Provided data:
● ● ● ● ●

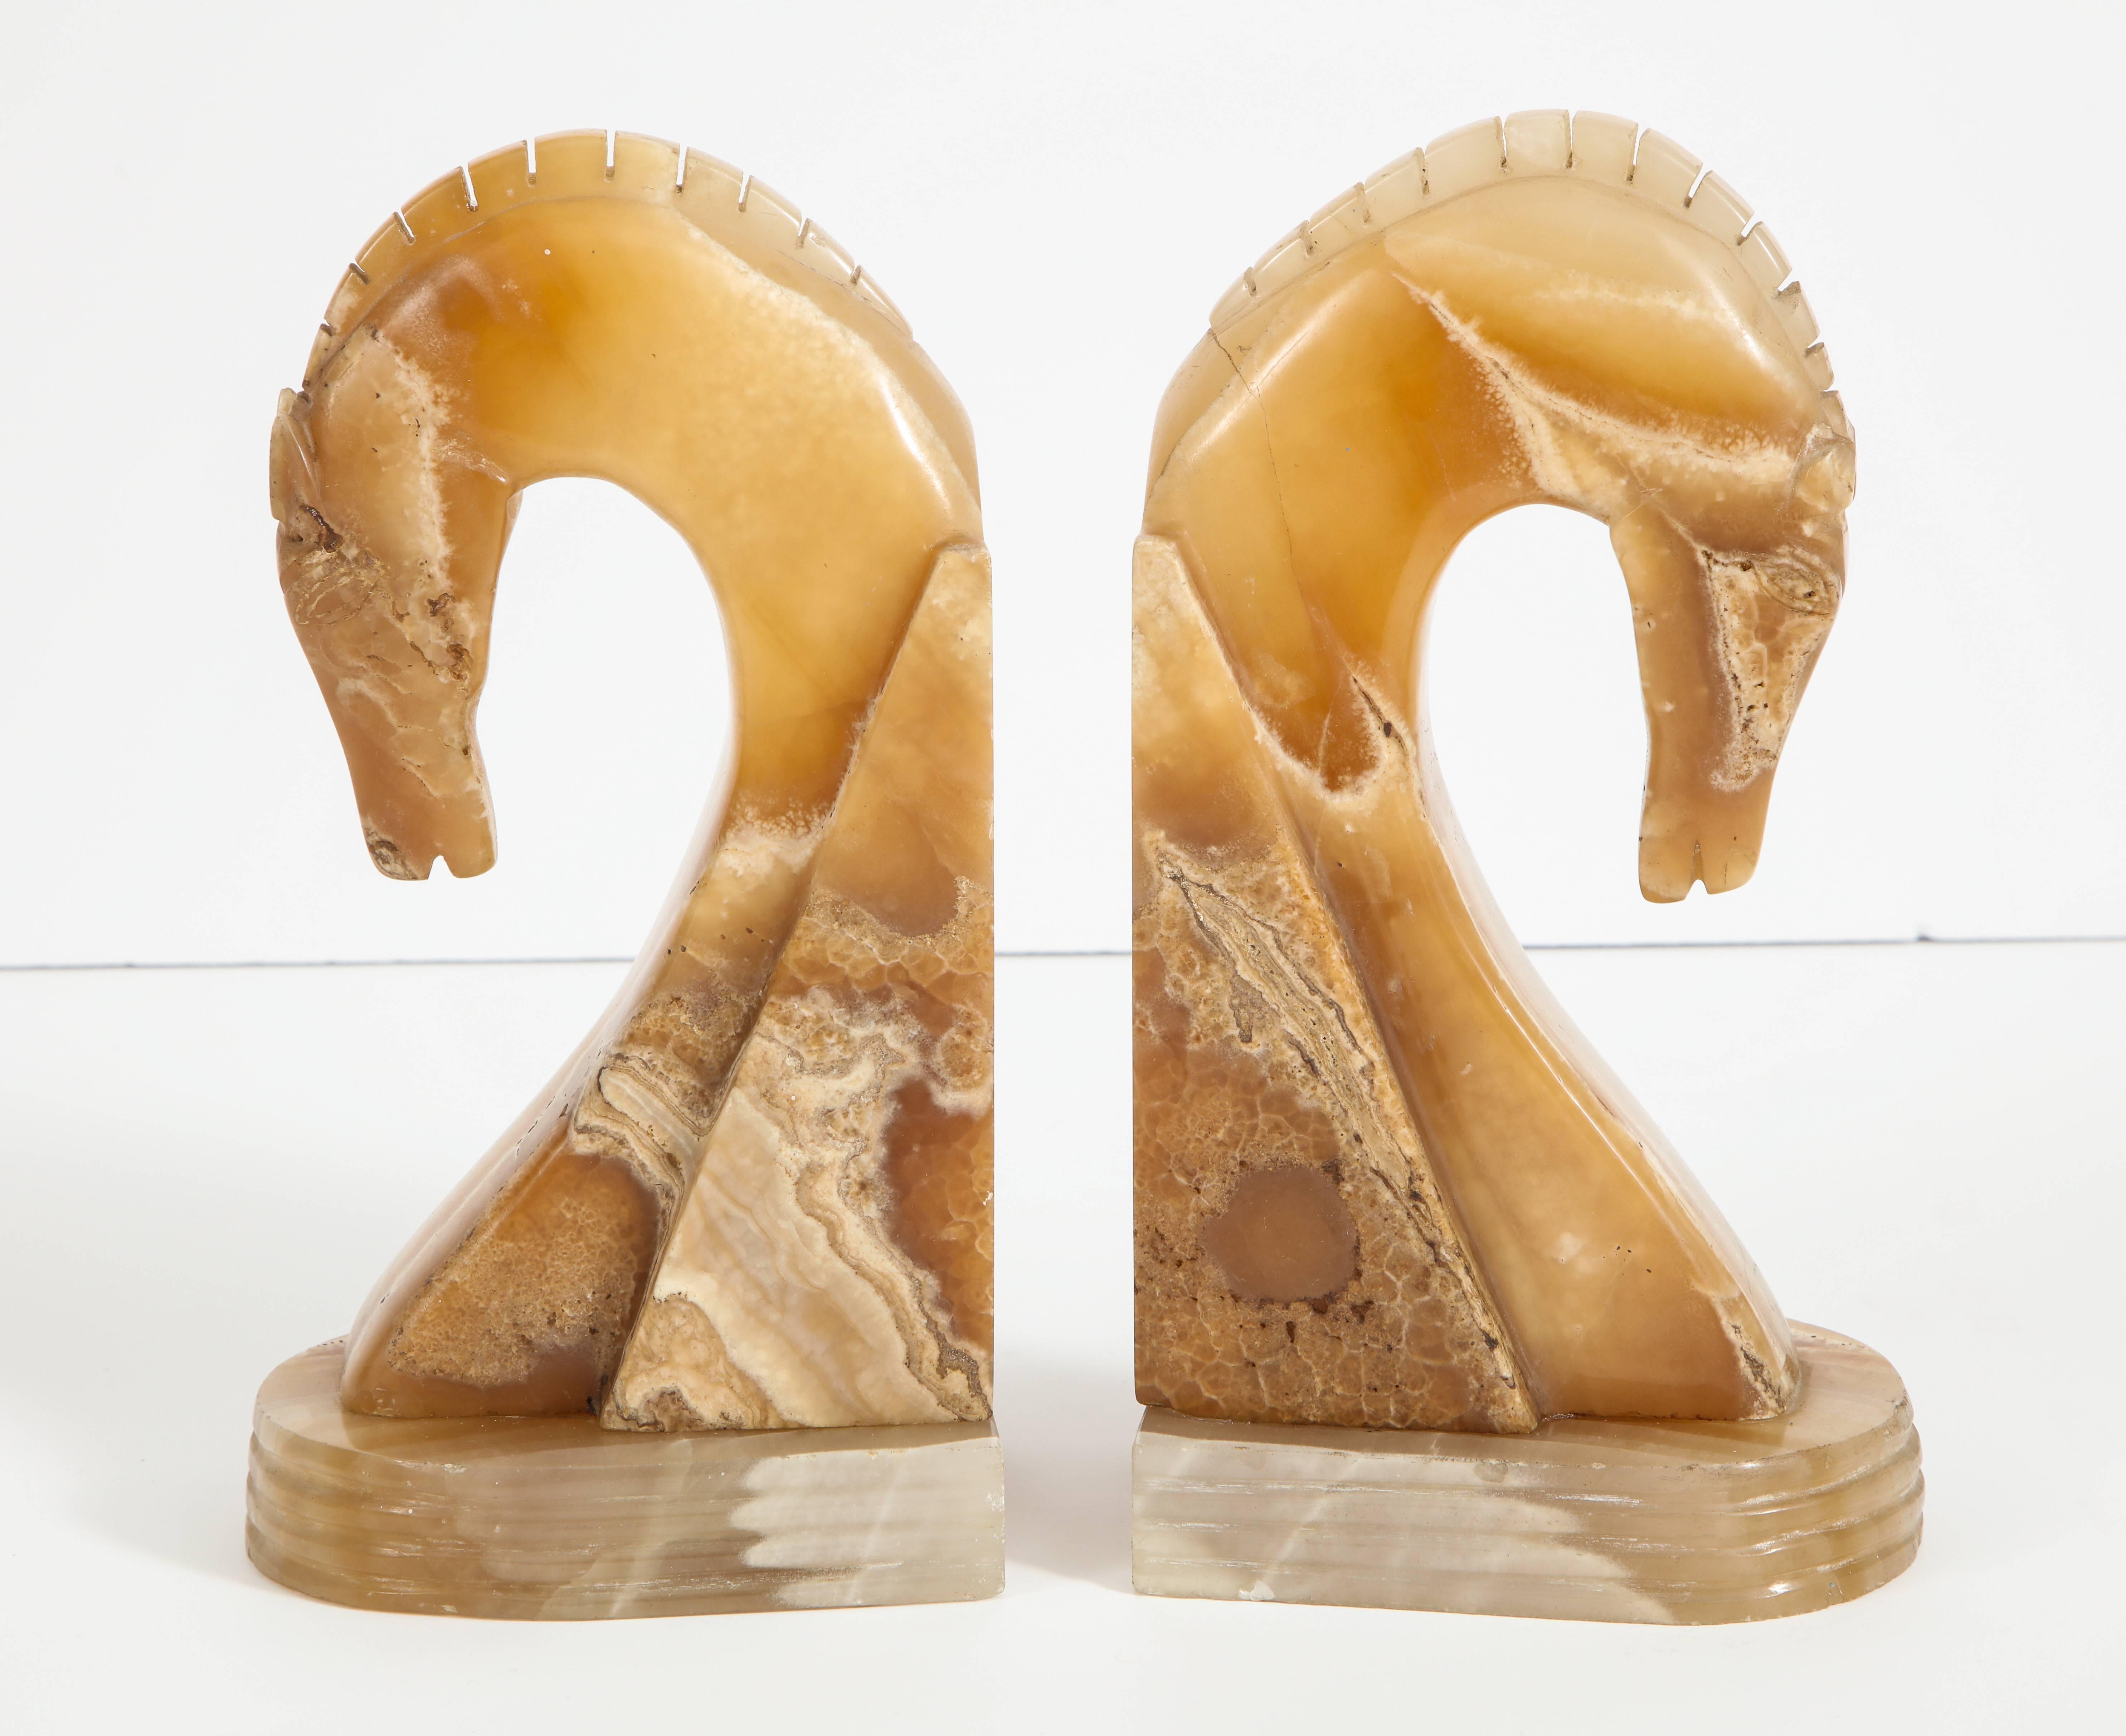 A beautiful and elegant pair of Art Deco hand-carved onyx horse head sculptural bookends with bowed head and ribbed bases.
Italy, circa 1940
Size: 11

● ● ● ● ●

Your objective: Give back every line of the material exactly as written, but not the pictures.

Your response:
 A beautiful and elegant pair of Art Deco hand-carved onyx horse head sculptural bookends with bowed head and ribbed bases.
Italy, circa 1940
Size: 11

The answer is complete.